Example Incident Answer
Section titled “Example Incident Answer”Prompt: “A GPU pool is failing health checks after a node image update.”
Answer:
I would halt rollout, identify the affected pool and image version, and compare canary nodes with healthy nodes. I would check driver, kernel, container toolkit, device plugin, kubelet events, and DCGM exporter. If production is impacted, I would cordon affected nodes and shift traffic or roll back the image. After recovery, I would add a pre-promotion validator that starts a representative GPU workload, verifies telemetry, and blocks promotion on driver/runtime mismatch.
Incident Drill Matrix
Section titled “Incident Drill Matrix”| Incident | First stabilizer | Evidence to split layers | Prevention |
|---|---|---|---|
| API server slow, traffic healthy | Freeze nonessential deploys and reduce write load. | API server latency, admission errors, APF queues, controller lag, data-plane SLO. | Control-plane SLOs, admission dashboards, write-load budgets. |
| Etcd write timeouts | Protect quorum and stop risky automation. | Etcd member health, fsync latency, leader changes, DB size, API storage latency. | Tested snapshot restore, compaction/defrag hygiene, disk latency alerts. |
| Admission webhook outage | Pause rollouts or use approved bypass. | Webhook endpoints, failure policy, timeout, certs, selector scope, admission audit logs. | Webhook SLO, fail-open/closed policy by risk, staged webhook rollout. |
| Terraform state lock stuck | Confirm no active apply before force-unlock. | CI runs, backend lock owner, timestamps, plan/apply logs, state serial. | Run ownership metadata, timeout cleanup, backend-specific lock runbook. |
| Terraform unexpected destroy | Block apply. | Plan JSON, state addresses, module path changes, provider aliases, count/for_each key changes. | Plan policy for destroy/replace, moved blocks, refactor review checklist. |
| EndpointSlice stale during rollout | Shift traffic to known-good route or pause rollout. | Pod readiness transitions, EndpointSlice contents, Service selectors, Gateway route backend refs. | Synthetic endpoint propagation checks and rollout gates. |
| Model artifact store slows scale-out | Shift to warm capacity or shed lower-priority load. | Image pull time, artifact download time, object-store errors, node disk/network saturation, model load. | Regional cache, prefetch, checksum validation, warm pools. |
| Retry storm after p99 spike | Cut retry budget or shed load at edge. | Gateway retries, client deadlines, request concurrency, Triton queue time, downstream saturation. | Retry budgets, deadline propagation, overload tests. |
| GPU device plugin flapping | Cordon suspect nodes or pool. | Device plugin logs, kubelet allocatable changes, DCGM, Xid/ECC, driver/runtime events. | Operator canary, node quarantine automation, driver compatibility gates. |
| GitOps reverts emergency hotfix | Pause sync intentionally or commit fix. | Controller events, drift diff, incident timeline, live vs desired manifests. | Break-glass process and time-bounded sync pause policy. |
flowchart TD
Page[Page fires] --> Impact{User impact active}
Impact -- yes --> Stabilize[Mitigate first]

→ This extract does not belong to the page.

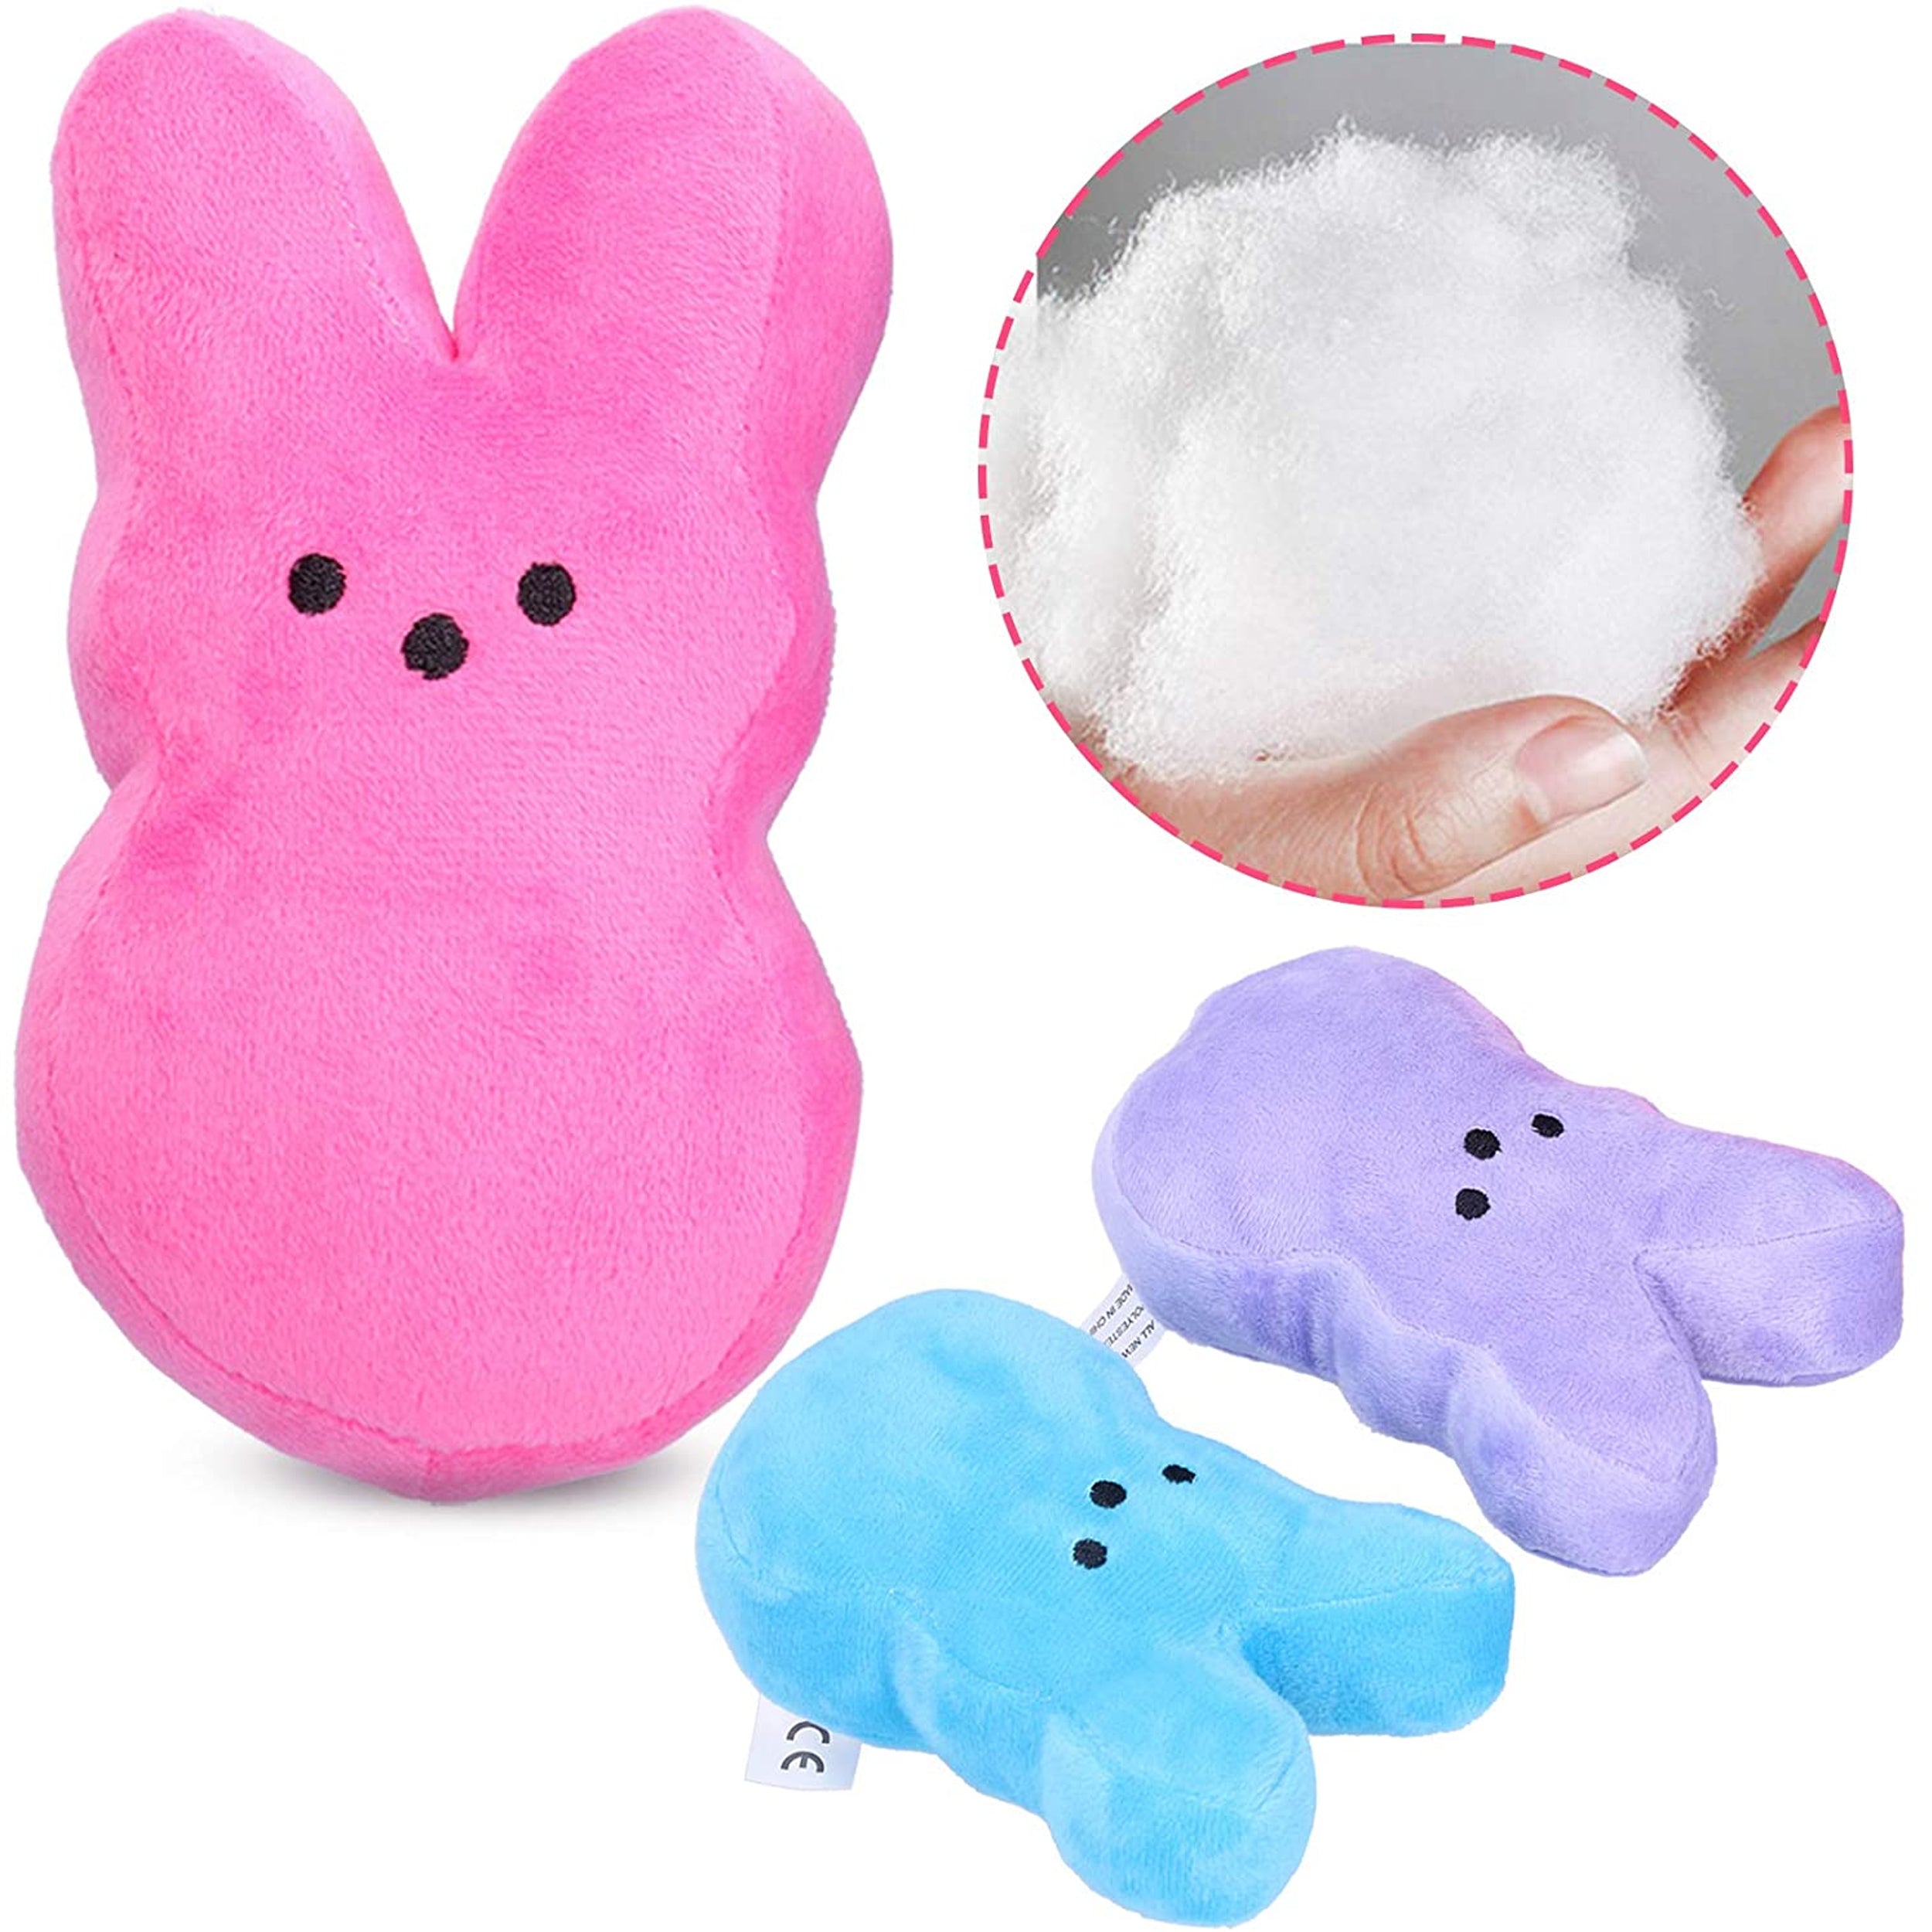 Easter Bunny Peeps Plush Toys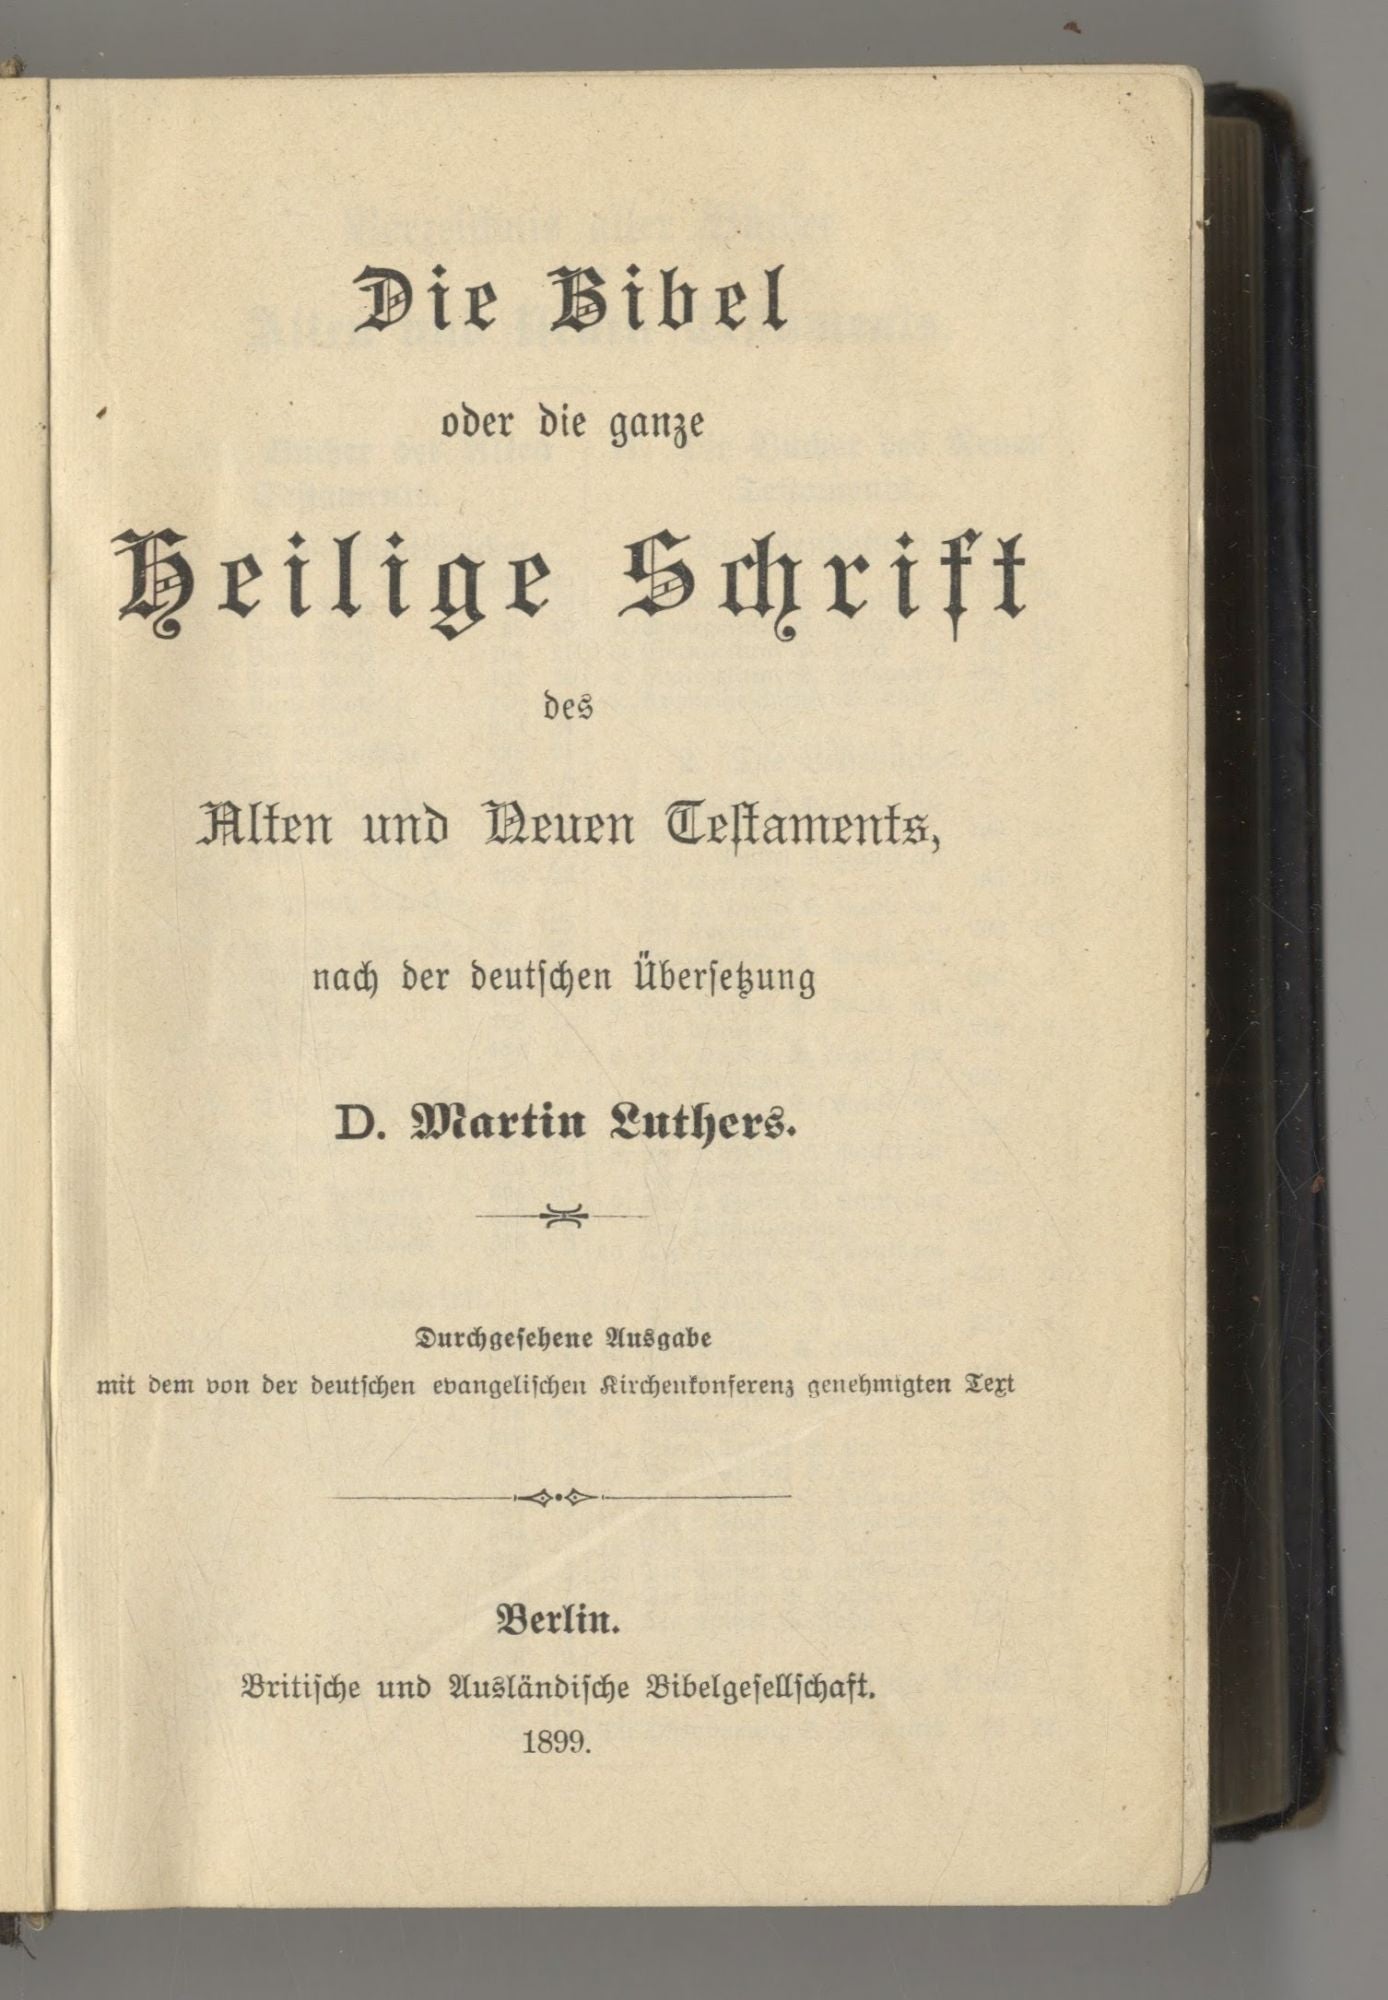 Book #27349 Die Bibel Oder Die Ganze Heilige Schrift Des Alten Und Neuen Testaments Nach Der Deutschen Übersetzung Dr. Martin Luthers

Impact -- no --> Preserve[Preserve evidence and scope]
Stabilize --> Scope[Scope by layer]
Preserve --> Scope
Scope --> Change{Recent change}
Change -- yes --> Rollback[Rollback or pause change]
Change -- no --> Saturation{Saturation or dependency}
Saturation -- yes --> Capacity[Reduce load, add warm capacity, or shed]
Saturation -- no --> DeepDive[Debug internals and missing signal]
Rollback --> Verify[Verify SLO recovery]
Capacity --> Verify
DeepDive --> Verify
Metrics To Mention
Section titled “Metrics To Mention”- MTTD, MTTA, MTTR.
- Alert precision and recall.
- Error budget burn.
- Toil hours per week.
- Change failure rate.
- Rollback frequency.
- Automation success and manual override rate.